Even in the city people enjoy gathering around the warmth of a fire. Choosing between a wood- and gas-burning fires pits should be a decision you consider carefully. In a rural setting, wood-burning firepits are definitely the choice. However, in a city setting, there are a few more things to consider.
Urban fire pits have to match up to their surroundings. Though there is a certain charm to wood-burning fire pits, fire glass crystals, and other decorative elements make gas-burning fire pits sights to behold.
Brightly colored fire glass crystals evoke a feeling of magical fantasy while remaining classy and elegant. Wood-burning fire pits can be problematic in an urban setting. The smoke produced can be unsightly and can bring about complaints from the neighbors.
Some cities regulate or even prohibit the burning of wood within city confines. Gas-burning firepits produce almost zero smoke, minimizing the risk of an overly excited neighbor calling emergency services.
Less smoke also means less soot and particles. About 80–90% of wood smoke is fine particulate matter. These cause irritations to the eyes and lungs, causing sneezing, coughing, or shortness of breath. The dangers are heightened on people with asthma and heart problems.
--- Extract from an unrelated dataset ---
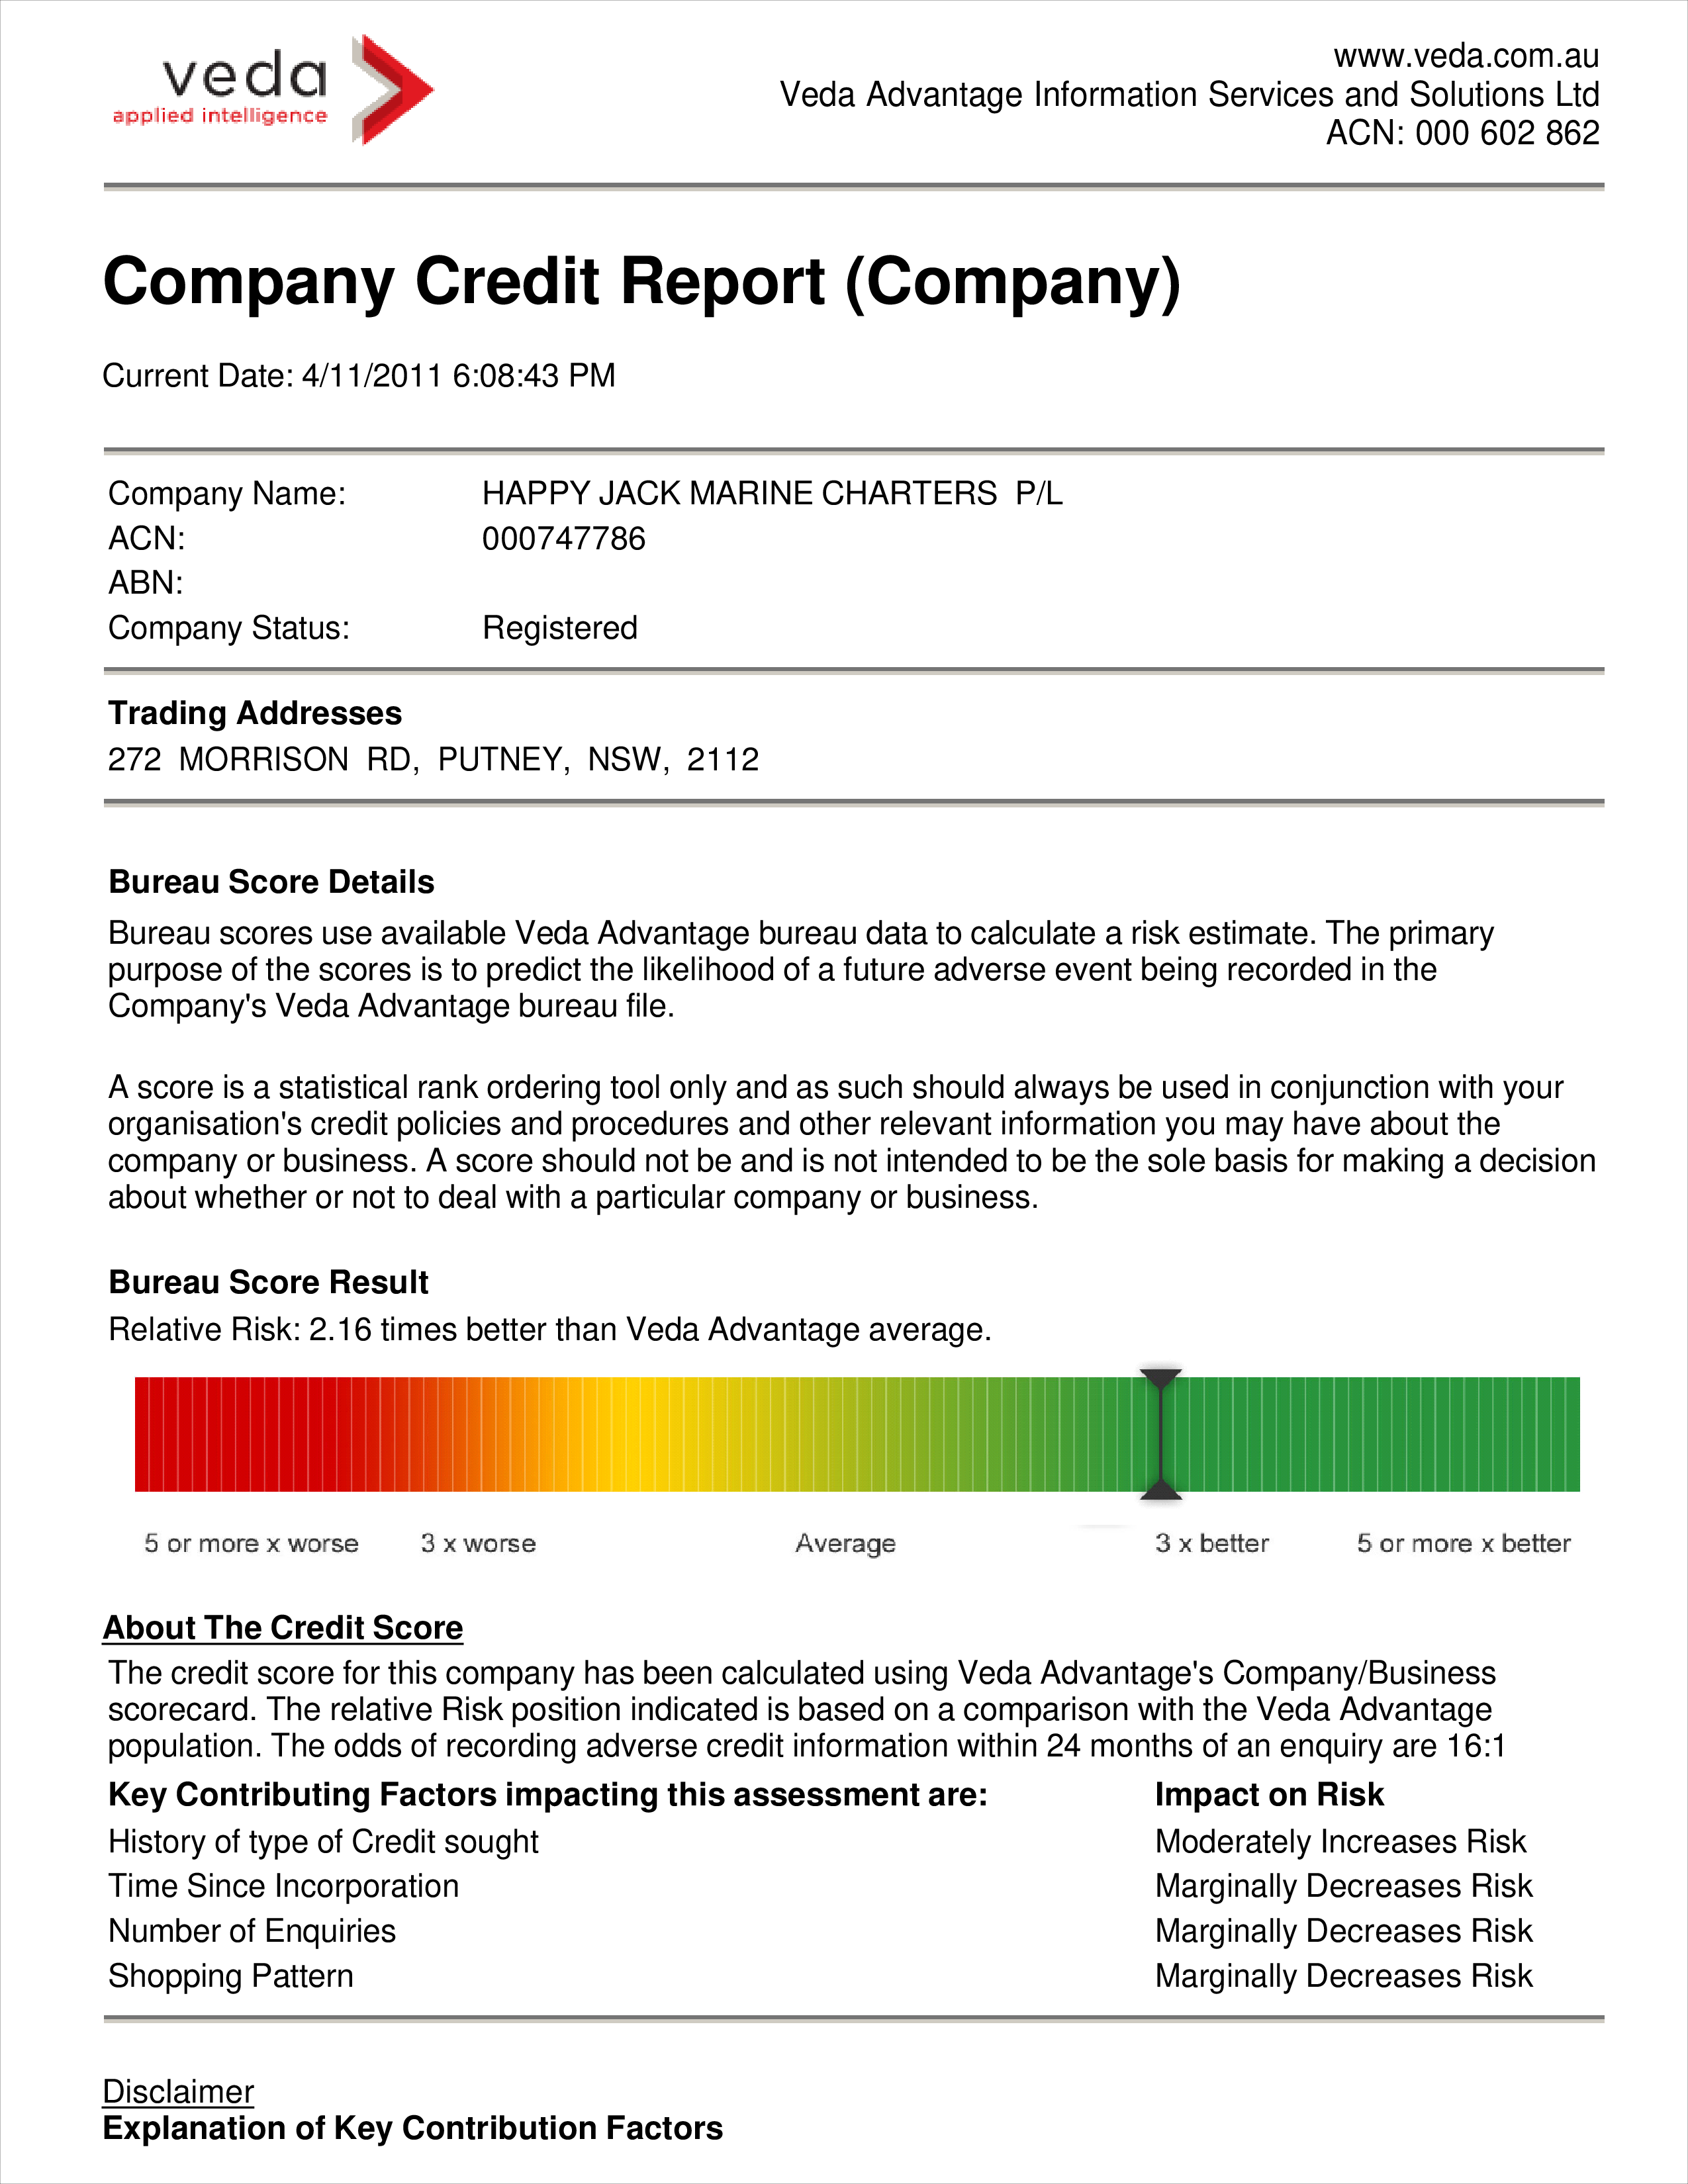 Company Credit Report main image

Chronic exposure to smoke can also lead to respiratory problems, lung cancer, and heart disease. Both wood and gas-burning fire pits have safety issues, but proper installation and use can bring down the risks to negligible levels.
In a rural setting, it is most convenient to use a wood-burning fire pit since wood is free and accessible. In a city setting, access to wood is limited and a bit costly.
Wood also takes a bit of time to light, maintain, and clean up. On the other hand, gas-burning stoves need less maintenance, are easier to use and need almost no cleaning.
Take into account where you live before deciding on a fire pit. Your city may have regulations on size and fuel, so do a bit of research to make sure you abide by the rules.